Notifications You must be signed in to change notification settings

Russel88/DAtest

Folders and files

NameName
Last commit message
Last commit date

Latest commit

 
 
 
 
 
 
 
 
 
 
 
 
 

Repository files navigation

DAtest

This is a package for comparing different differential abundance methods used in microbial marker-gene (e.g. 16S rRNA), RNA-seq and protein/metabolite abundance analysis.

There are many methods for testing differential abundance and no gold standard, but results can vary a lot between the different statistical methods. The false positive rate and the power of the different methods highly depends on the dataset. This package aims at aiding the analyst in choosing a method for a specific dataset based on empirical testing.

The method goes as follows:

  • Shuffle predictor variable (E.g. case vs. control)
  • Spike in data for some randomly chosen features (OTU/gene/protein), such that they are associated with the shuffled predictor
  • Apply methods, and check:
    • whether they can find the spike-ins
    • whether the false positive rate is controlled

The workflow (details can be found below):

  • Compare methods with testDA function
    • Check the results with plot or summary
    • Choose method that has high AUC, and FPR not higher than ~0.05
  • Run data with the chosen test with DA."test" function, where "test" is the name of the test (see details with ?testDA)
    • Check out your final results.

Citation

Please cite the following publication if you use the DAtest package:

Russel et al. (2017) DAtest: A framework for comparing differential abundance and expression methods. Submitted

Remember also to cite the method you end up using for your final analysis (See implemented methods for links). If there is no associated publication (e.g. for a t-test) you can cite as follows: ."we used t-test as implemented in DAtest version x.x.x (Russel et al. 2017)"

Overview of this tutorial

Installation of packages

It is advised not to have any packages loaded when installing DAtest. Installation of DAtest and all dependencies has been tested to work on a clean R version 3.4.1 by installing in the following order:

The DAtest package:

install.packages("devtools")
library(devtools)
install_github("Russel88/DAtest")

The following are needed for full functionality

But the package will work without them

source("https://bioconductor.org/biocLite.R")
biocLite("DESeq2")
biocLite("limma")
biocLite("edgeR")
biocLite("metagenomeSeq")
biocLite("baySeq")
biocLite("ALDEx2")
biocLite("qvalue")

biocLite("impute") # For SamSeq
install.packages("samr") # SamSeq

install.packages("pscl") # Zero-inflated Poisson and zero-inflated Negative Binomial
install.packages("statmod") # For limma with blocking
  • RAIDA and ANCOM have to be installed from external sources:
# Dependencies (after the bioconductor packages are installed)
install.packages(c("shiny","exactRankTests","openxlsx","protoclust","DT","coin","stringr"))

# RAIDA:
install.packages("https://cals.arizona.edu/~anling/software/RAIDA_1.0.tar.gz",repos = NULL)

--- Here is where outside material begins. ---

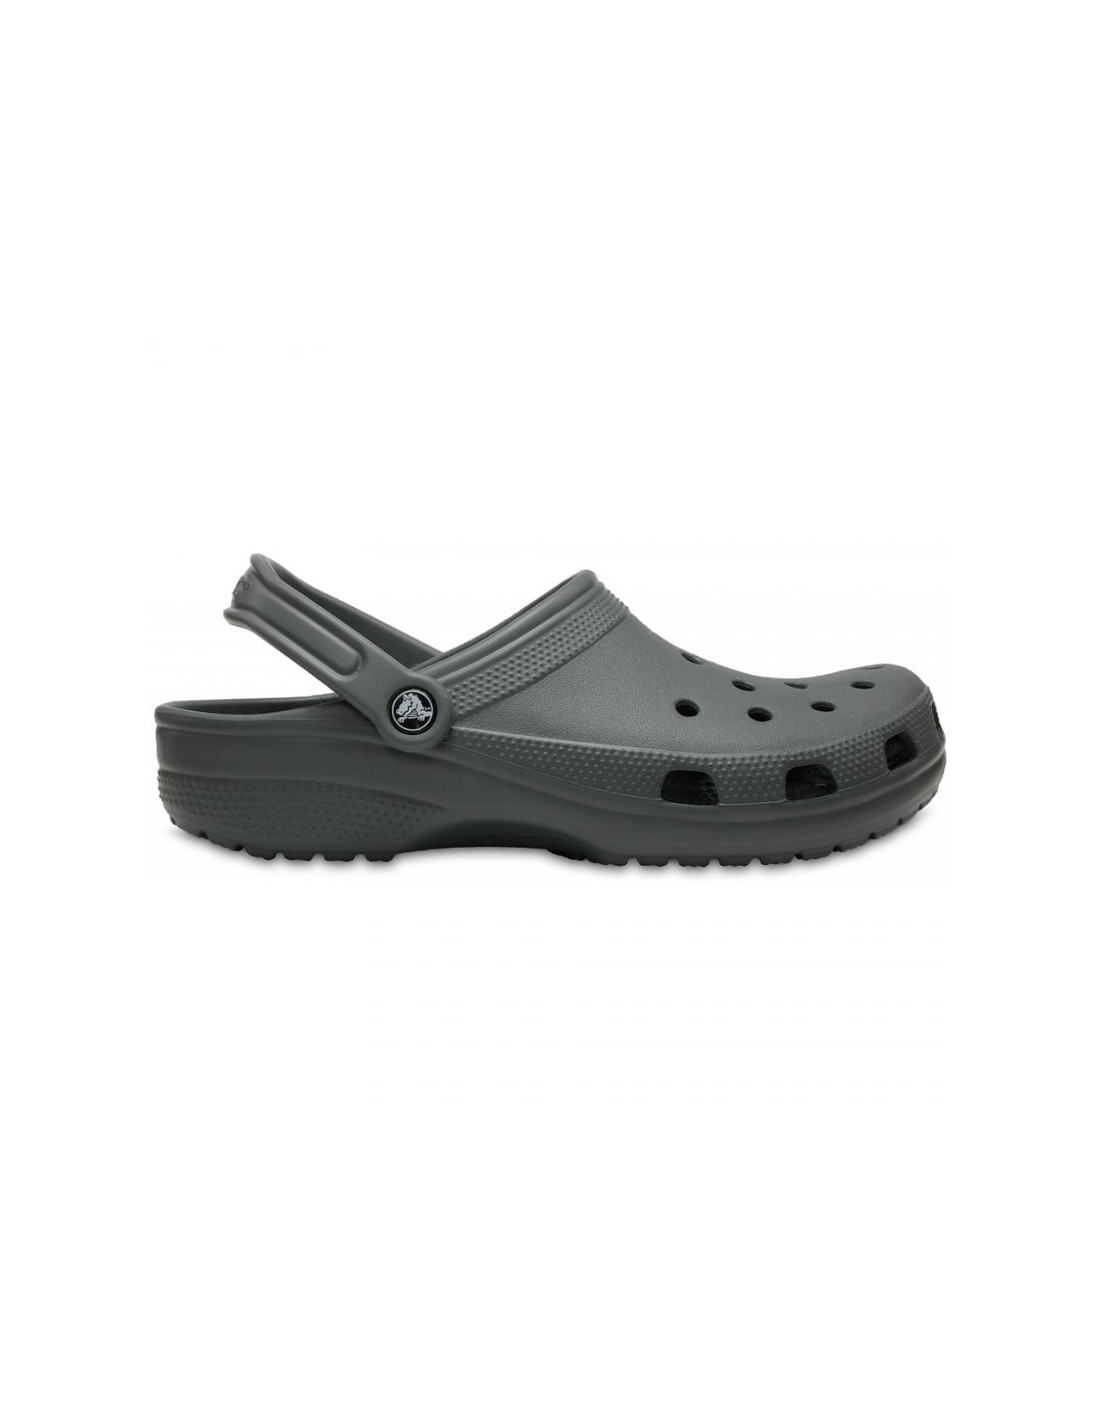 Crocs Classic M 10001 0DA shoes
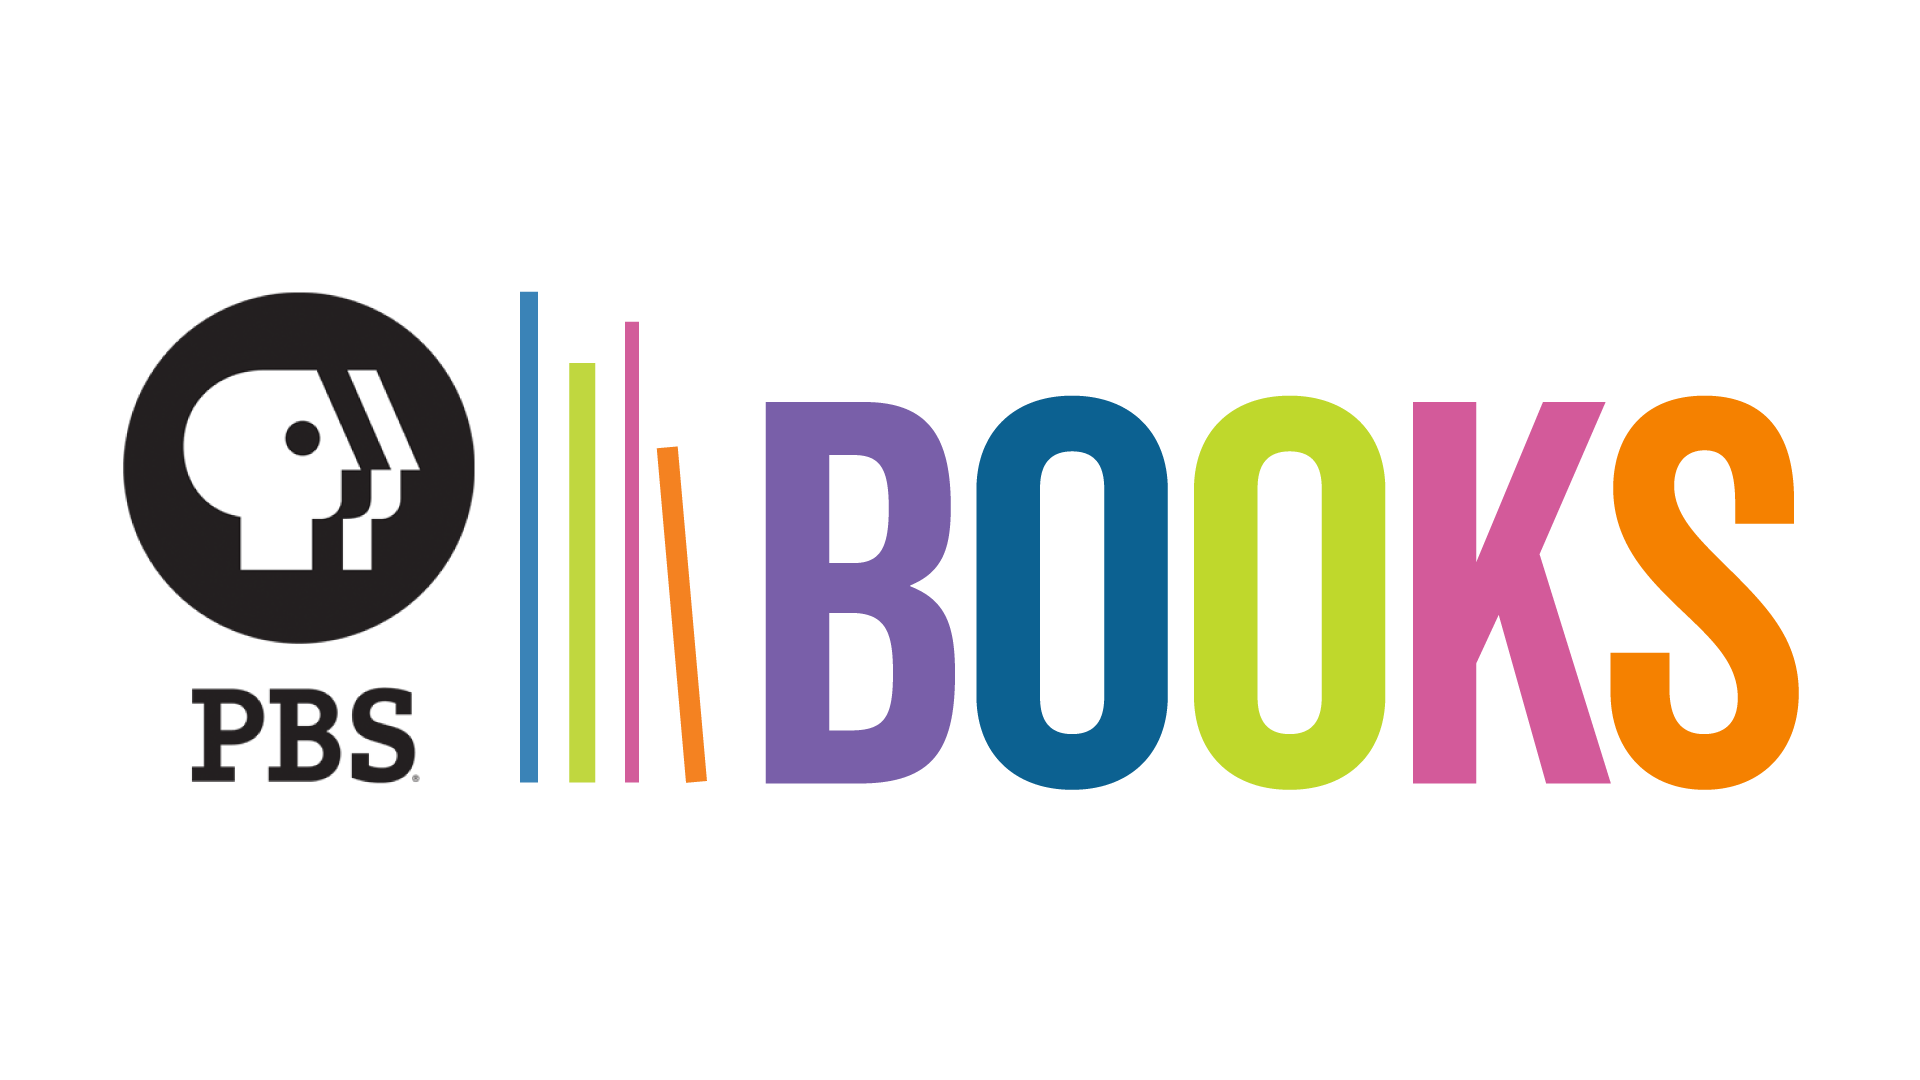 PBS Books logo

# ANCOM (by default not included, as it is very slow):
download.file("https://www.niehs.nih.gov/research/resources/software/biostatistics/ancom/ancom_software.zip",destfile = "ANCOM.zip")
unzip("ANCOM.zip",exdir=getwd())
install.packages("ancom.R_1.1-3.tar.gz", repos = NULL)

Note: If installation fails for any of the bioconductor or external packages (RAIDA, ANCOM) do not despair. DAtest will work seamlessly, but will simply exclude methods that depends on these packages.

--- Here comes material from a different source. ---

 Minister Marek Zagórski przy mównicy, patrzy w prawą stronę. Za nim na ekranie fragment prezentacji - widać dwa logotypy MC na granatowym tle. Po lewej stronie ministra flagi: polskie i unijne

The following are suggested, but not needed:

# For drawing Venn diagrams
install.packages("venneuler")

# For post-hoc testing (generalized) linear models
install.packages("lsmeans")

How to compare methods

First, all methods with a "False Positive Rate" (FPR) above ~0.05 has an inflated false positive rate, and the p-values can therefore not be trusted.

Second, among methods with a low FPR, those with a high "Area Under the (Receiver Operator) Curve" (AUC) and "Spike Detection Rate" (Spike.detect.rate) are likely to have more power to detect signal in the respective dataset.

Therefore, we want a method with a FPR ~0.05 or lower and a high AUC.

Run the test:

(if you have a phyloseq object, see details further down)

mytest <- testDA(data, predictor, R = 10)

data is either a matrix or data.frame with taxa/genes/proteins as rows and samples as columns (with rownames).

predictor is the predictor of interest, e.g. a factor denoting whether samples are cases or controls (in the same order as columns in data).

predictor can be a factor with more than two levels, in which case only the second level is spiked.

predictor can also be continuous/quantitative

R denotes how many times the spike-in and FPR/AUC calculation should be replicated. It is advised to use at least 10, but it can be set to 1 for a fast test of the function.

The function automatically uses multiple CPUs for fast execution

The methods run in parallel, and by default the number of cores used is one less than available. It has been tested to work on Windows, OS X and Linux Debian. It can be changed with the cores argument. cores = 1 will turn off parallel computing. If the function is terminated before ending you might get the following warning:

closing unused connection X (...)

This can safely be ignored, but if you have terminated the function before it ended and your computer runs slow, you might want to restart R to close all connections.

If you run out of memory/RAM, reduce the number of cores used for computing.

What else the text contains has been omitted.